The Global Justice Clinic and a coalition of civil society organizations led by Conectas co-authored a report, Remedy for Business-Related Human Rights Abuses: Lessons from Emblematic Cases in the Region, for a thematic hearing at the Inter-American Commission on Human Rights (IACHR) in May 2019 in Jamaica. In July 2019, Derecho, Ambiente y Recursos Naturales (DAR), an NGO in Peru that promotes indigenous rights in the Amazon and one of the co-authors, released a Spanish version of the report which includes a summary of the hearing.
The Global Justice Clinic contributed two case studies to the report on the challenges of ensuring remedy for rights violations committed by companies at the early stages of metal mining activities and those due to abusive deployment of digital surveillance tools against human rights defenders. The first case study focuses on violations of the rights to information and participation in decisions regarding mining in Haiti’s nascent extractive industry. GJC has a longstanding collaboration with the Kolektif Jistis Min, a platform of Haitian social justice organizations, to advance human rights threatened by the development of metal mining in Haiti. In 2015, the Clinic and KJM submitted a brief and later testified at a hearing before the IACHR on access to information challenges in the context of mining, tourism, and the practice of journalism.
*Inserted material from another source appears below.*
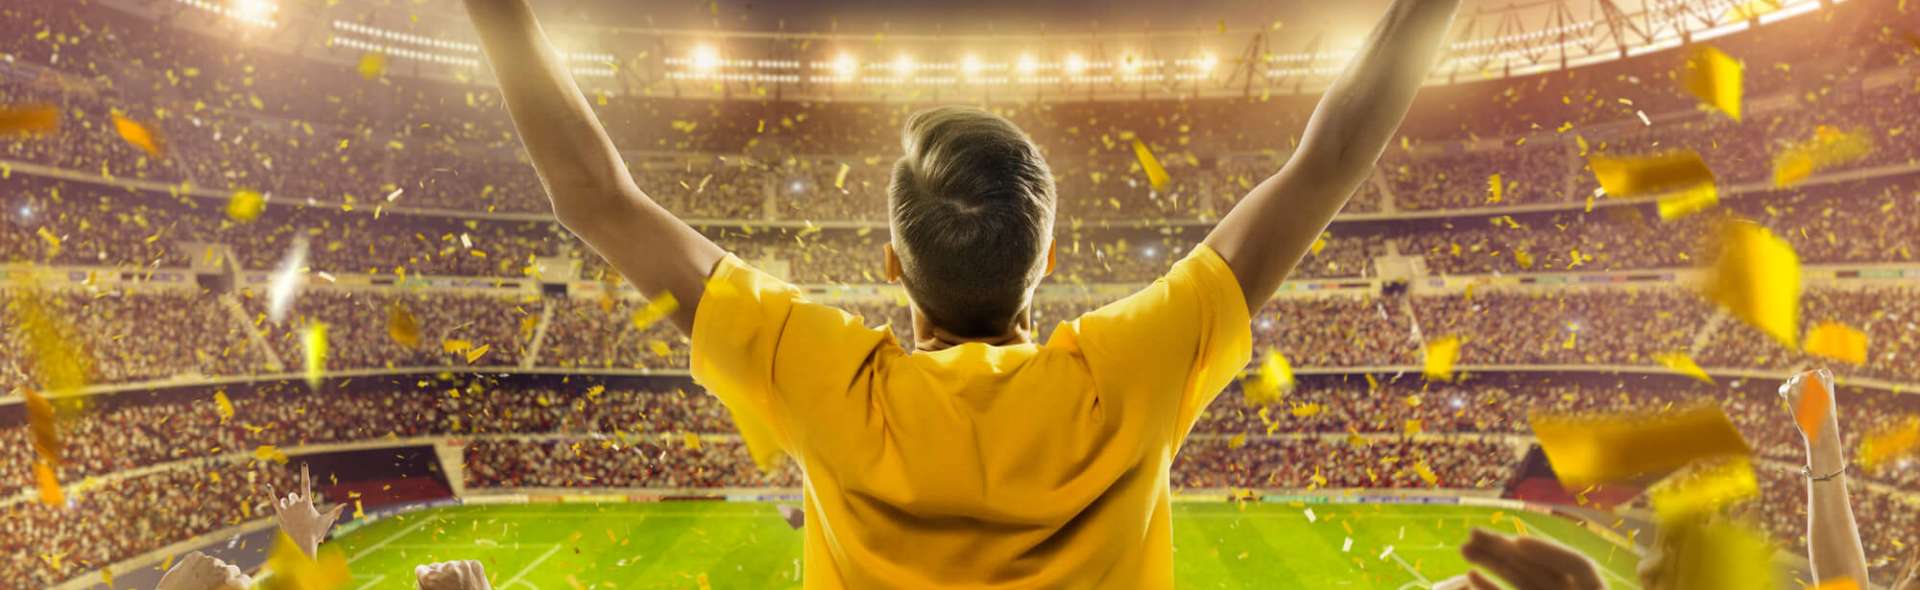 Dia Nacional do Futebol: curiosidades do esporte no Brasil

The other GJC case study draws on the Clinic’s Commercial Spyware and the Surveillance State project, a joint initiative with the Robert L. Bernstein Institute for Human Rights and Amnesty Tech, a program at Amnesty International. The submission addresses the need to ensure that individuals targeted with commercial spyware—powerful digital surveillance tools that enable governments to turn a person’s cell phone into a pocket spy, recording their data, communications, and location—have access to remedy for violations of their rights to privacy, freedom of opinion and expression. The secrecy surrounding the multi billion–dollar digital surveillance industry complicates efforts to hold accountable the private companies that develop and distribute the software and the government purchasers that misuse it to harass and intimidate dissidents, journalists and other human rights defenders. The difficulty of remedying the chilling effect caused by even the threat of such invasive and nearly undetectable digital surveillance underscores the importance of preventive measures, including robust due diligence, a legal framework that guarantees adherence to the principles of legality, necessity and proportionality, and independent oversight of the industry.